I am trying to adapt an R script that I wrote to perform several tasks in a for-loop. The for-loop run over thousands of items, for about 900 times, therefore I would like to optimise my code at the best. I decided to go for c++ via Rcpp. Here it is my code:

cppFunction('
Rcpp::DataFrame FasterFunction(StringVector path_data, IntegerVector ID_vector, const DataFrame& DF1, 
DataFrame DF2, int time1, int time2, int start_time) {
 Function read_t("fread");
 Function subset("[.data.frame");
 Function mergeDFs("merge");
 
 const int& TimeVal = (time1 + time2 - (2 * start_time));
 
 for(int i = 0; i < ID_vector.size(); ++i) {
 
 int ID = ID_vector[i];
 
 //Define path to file
 StringVector tmp_path_data = path_data;
 tmp_path_data.insert(1, "/prefix_");
 tmp_path_data.insert(2, std::to_string(ID));
 tmp_path_data.insert(3, ".txt");
 Rcpp::String res = collapse(tmp_path_data);
 
 //Read file as DataFrame
 Rcpp::DataFrame data_df = read_t(Named("file")=res);
 
 //Extract column "name1" from DataFrame "data_df"
 Rcpp::NumericVector name1_list = as<NumericVector>(data_df["name1"]);
 
 //Convert int to NumericVector
 NumericVector ID_vec(1);
 ID_vec[0] = static_cast<double>(ID);
 
 //Finding "ID_vec" matching value in "name1_list" vector
 IntegerVector ID_pos = match(ID_vec,name1_list);
 
 //Remove row from "data_df" with "ID" in column "name1"
 data_df = subset(data_df, -ID_pos,R_MissingArg);
 
 //Extract column "name1" from DataFrame "data_df", after removing "ID"
 name1_list = as<NumericVector>(data_df["name1"]);
 
 //Extract column "name1" from DataFrame "DF2"
 Rcpp::NumericVector ID2_list = as<NumericVector>(DF2["name1"]);
 
 //Finding "name1_list" matching value in "ID2_list" vector
 IntegerVector ID2_pos = match(name1_list,ID2_list);
 
 //Remove rows from "DF2" with "ID2_pos" in column "name1"
 Rcpp::DataFrame tmpDF = subset(DF2, ID2_pos,R_MissingArg);
 
 //Merge "data_df" and "DF2" by column "name" "ID2_pos" in column "name1"
 const DataFrame& resDF = mergeDFs(Named("x")=data_df,Named("y")=DF2,Named("by")="name1");
 
 //Add additional columns to the "resDF" dataframe
 resDF["term1"] = abs(as<NumericVector>(resDF["factor1"]) - as<NumericVector>(resDF["factor2"]));
 resDF["term2"] = Rcpp::pow((1 - as<NumericVector>(resDF["term1"])),TimeVal);
 
 //Add values to row "i" and column "term_tot" of the dataframe "DF1"
 Rcpp::NumericVector TermTot_Vector = as<NumericVector>(DF1["term_tot"]);
 TermTot_Vector[i] = sum(as<NumericVector>(resDF["term2"]));
 DF1["term_tot"] = TermTot_Vector;
 
 };
 
 return(DF1);
};
')

As an example to what ID_vector, DF1, DF2 and data_df correspond to, consider the following:

ID_vector = c(1,3,5,9,13,14,22,39)
DF2 = data.frame(name1 = c(1,3,5,9,13,14,22,39), factor2 = rnorm(8,0,2))
DF1 = data.frame(name1 = c(1,3,5,9,13,14,22,39), term_tot = rep(NA,8))
data_df = data.frame(nameA = rep(3,8),name1 = c(1,3,5,9,13,14,22,39), factor1 = rnorm(8,0,1))

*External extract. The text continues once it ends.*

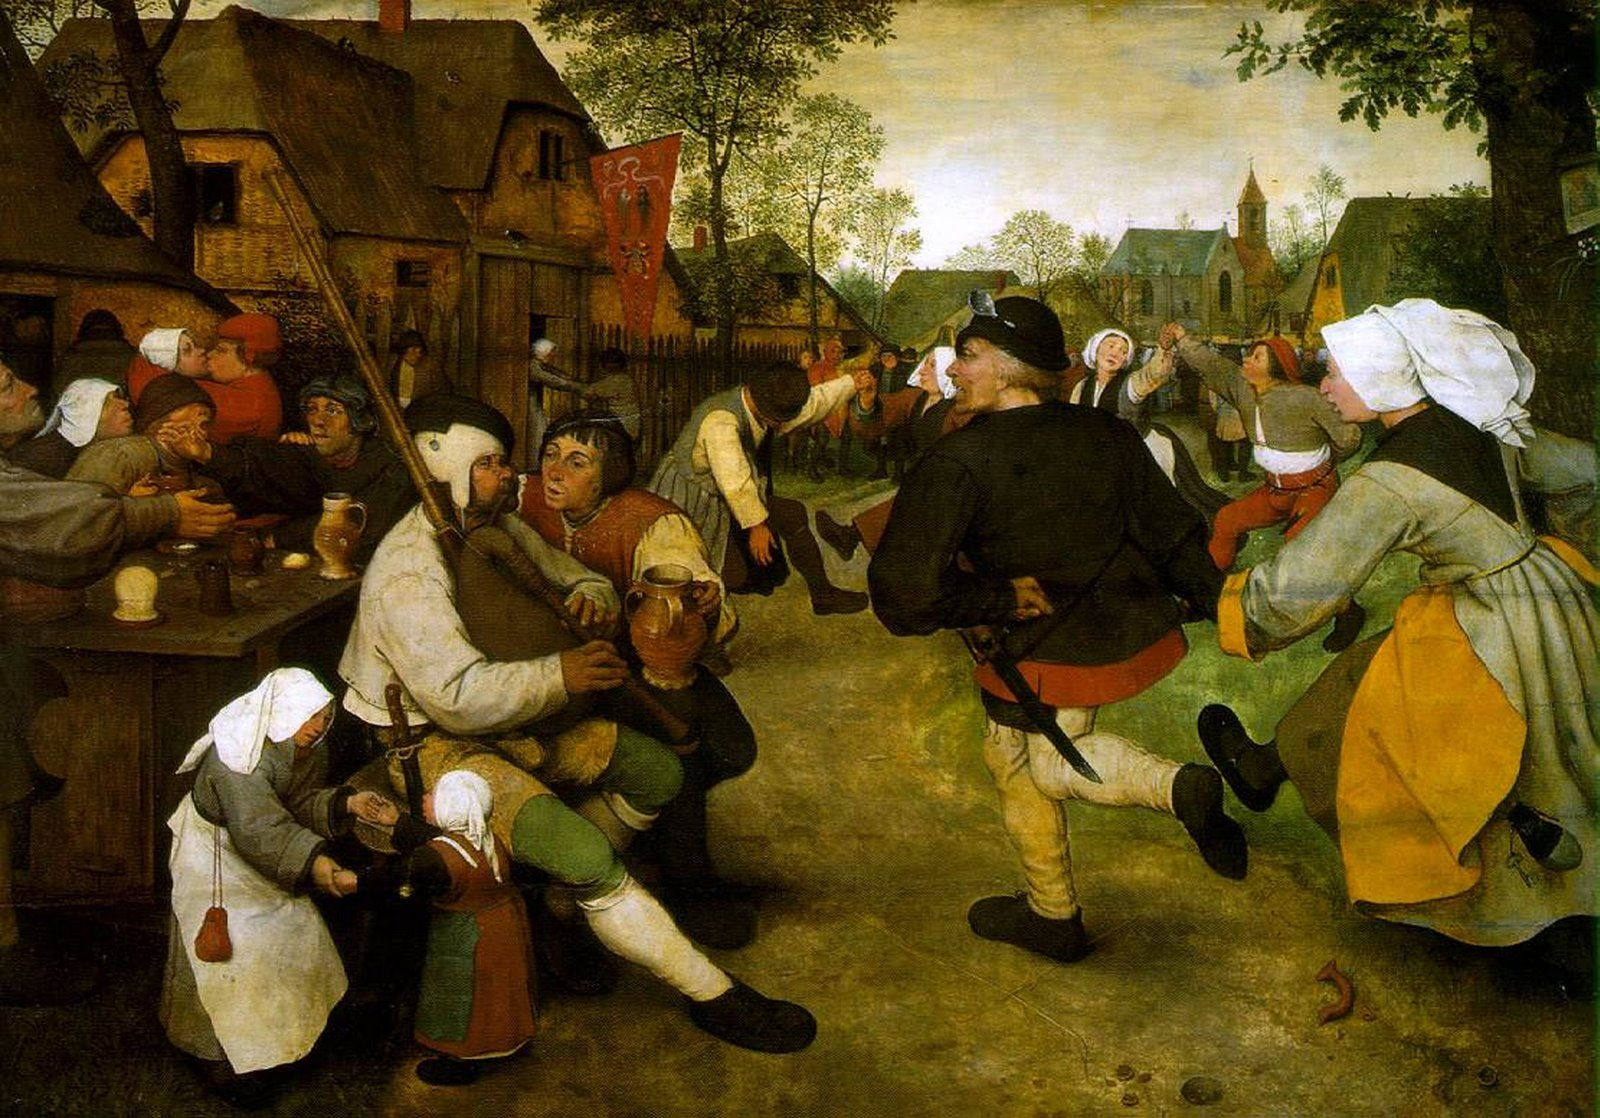 The Peasant Dance.  Pieter Bruegel the Elder.  1567. Oil on oak panel. 114 x 164 cm. Kunsthistorisches Museum. Vienna.

Note that I did not provide the path_data argument for reproducibility, since it woudl require the long list of files over which the for-loop goes. However, the structure of the data within the files is given by the data_df dataframe. There, I would be mostly interested in knowing wether I am reading the file in the more efficient way.

Question 2

Please do not edit the question, especially the code, after an answer has been posted. Changing the question may cause answer invalidation. Everyone needs to be able to see what the reviewer was referring to. What to do after the question has been answered.

Question 3

Unlike Stack Overflow we want to see the actual code rather than the minimal reproducible code. Code Review can handle up to 64K characters in the question.

Question 4

Ok, thanks for the heads up. Shall I then edit my question with the full code? (just referring to your other comment).

Question 5

Inconsistent use of `Rcpp::`

You are not using Rcpp:: consistently. Either use it everywhere or don't use it at all.

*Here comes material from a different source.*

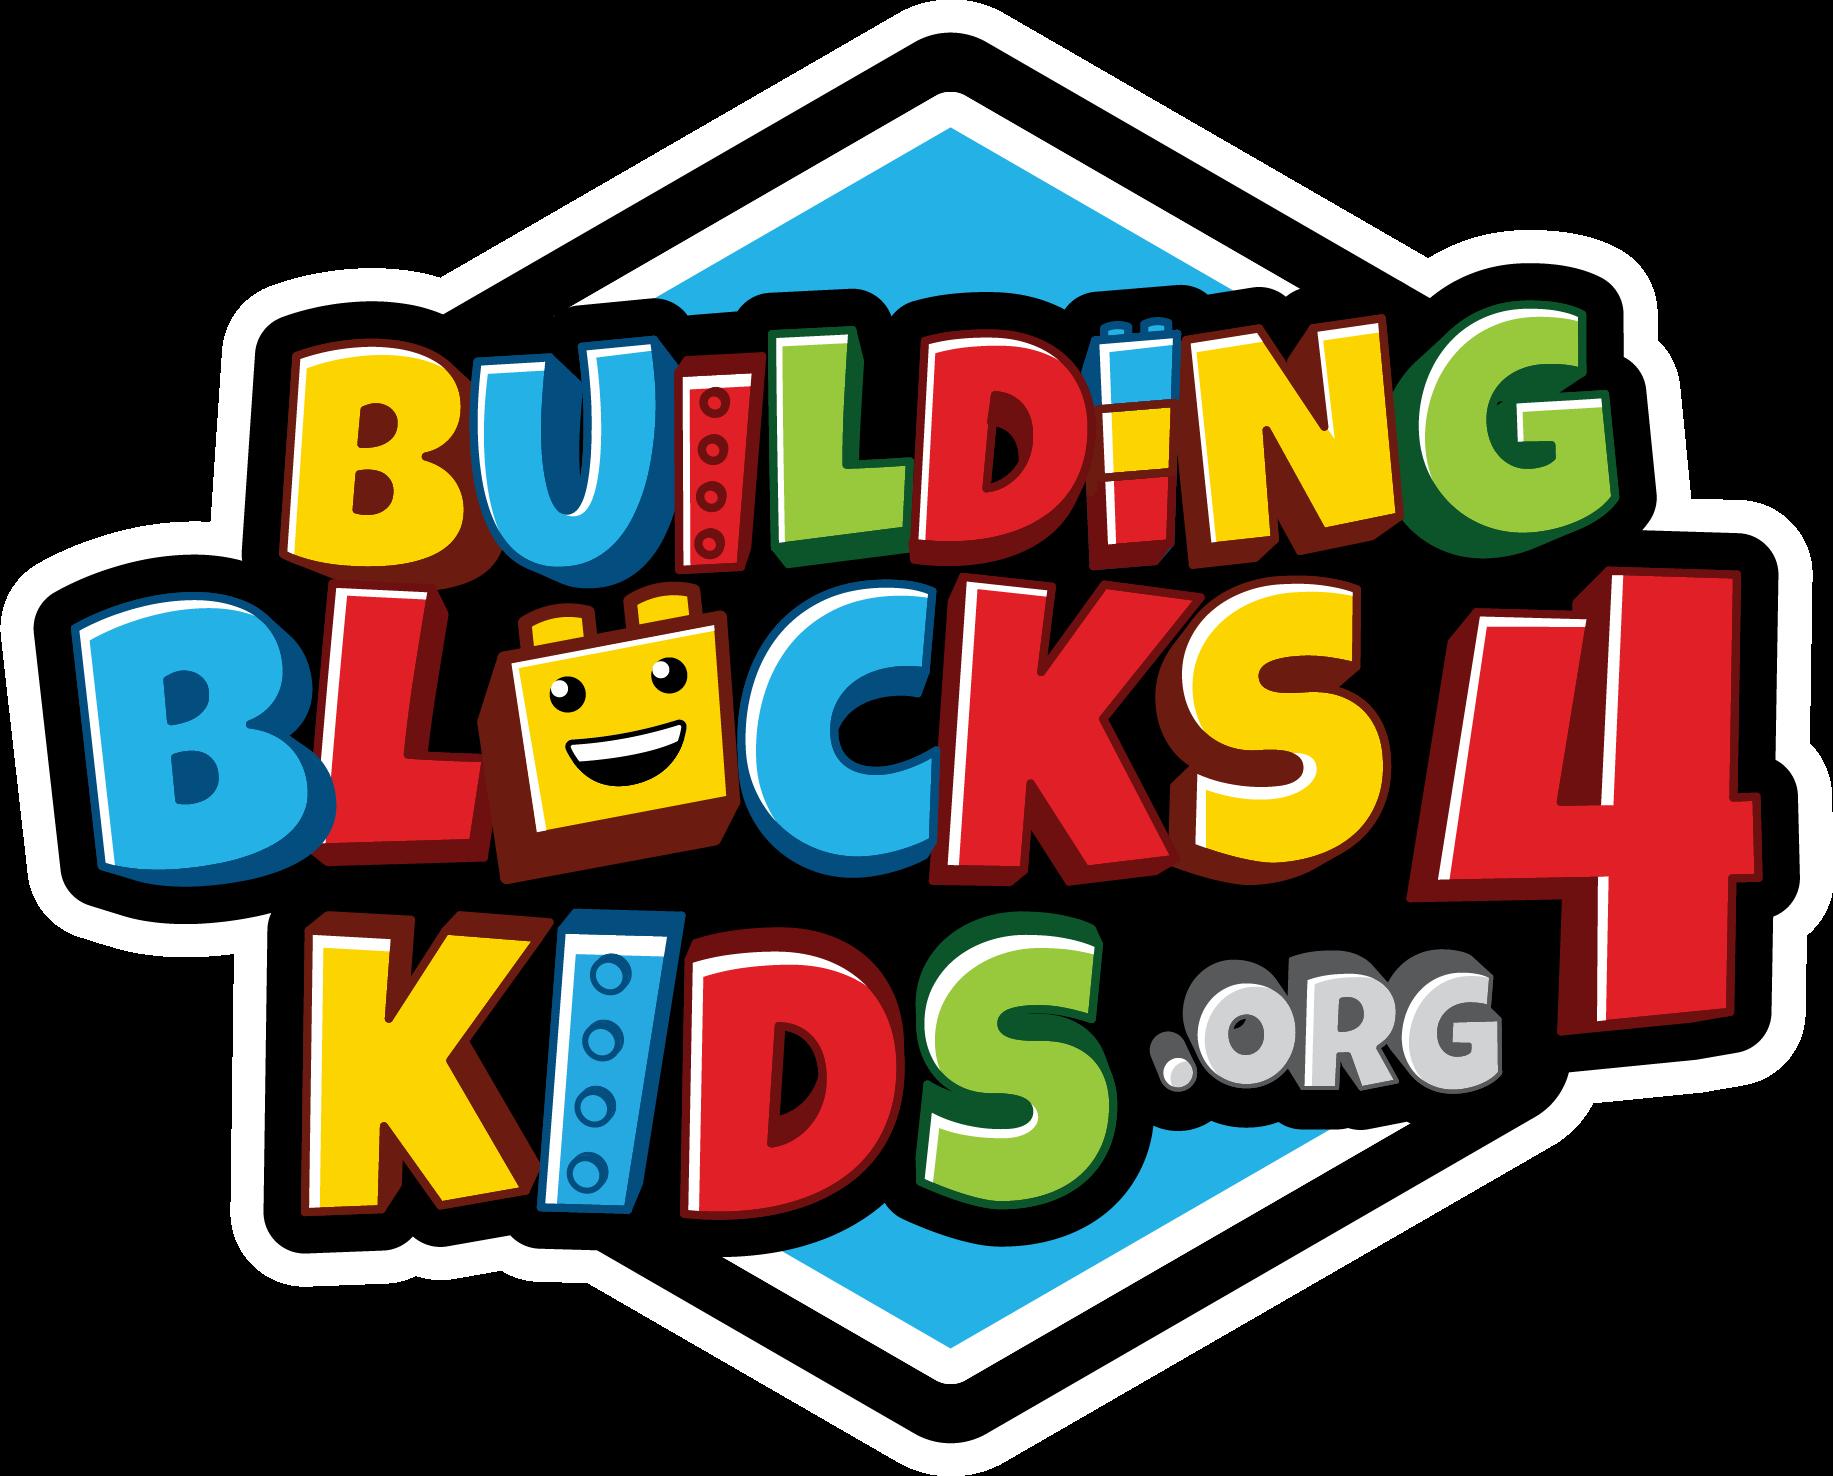 Building Blocks 4 Kids

What does everything mean?

FasterFunction() is a very bad name for a function. The word Function is redundant, and Faster is also not very informative: faster than what? Faster how?

Many variable names are also not helpful at all. What are DF1 and DF2? I already know from the type that they are dataframes, so DF is not adding any more information. And there are two, but what is the difference between them?

Even the column names in the dataframes are very generic. factor1, term1? Reading this code doesn't give me any clue about what is in these dataframes, nor what it is that you are trying to calculate.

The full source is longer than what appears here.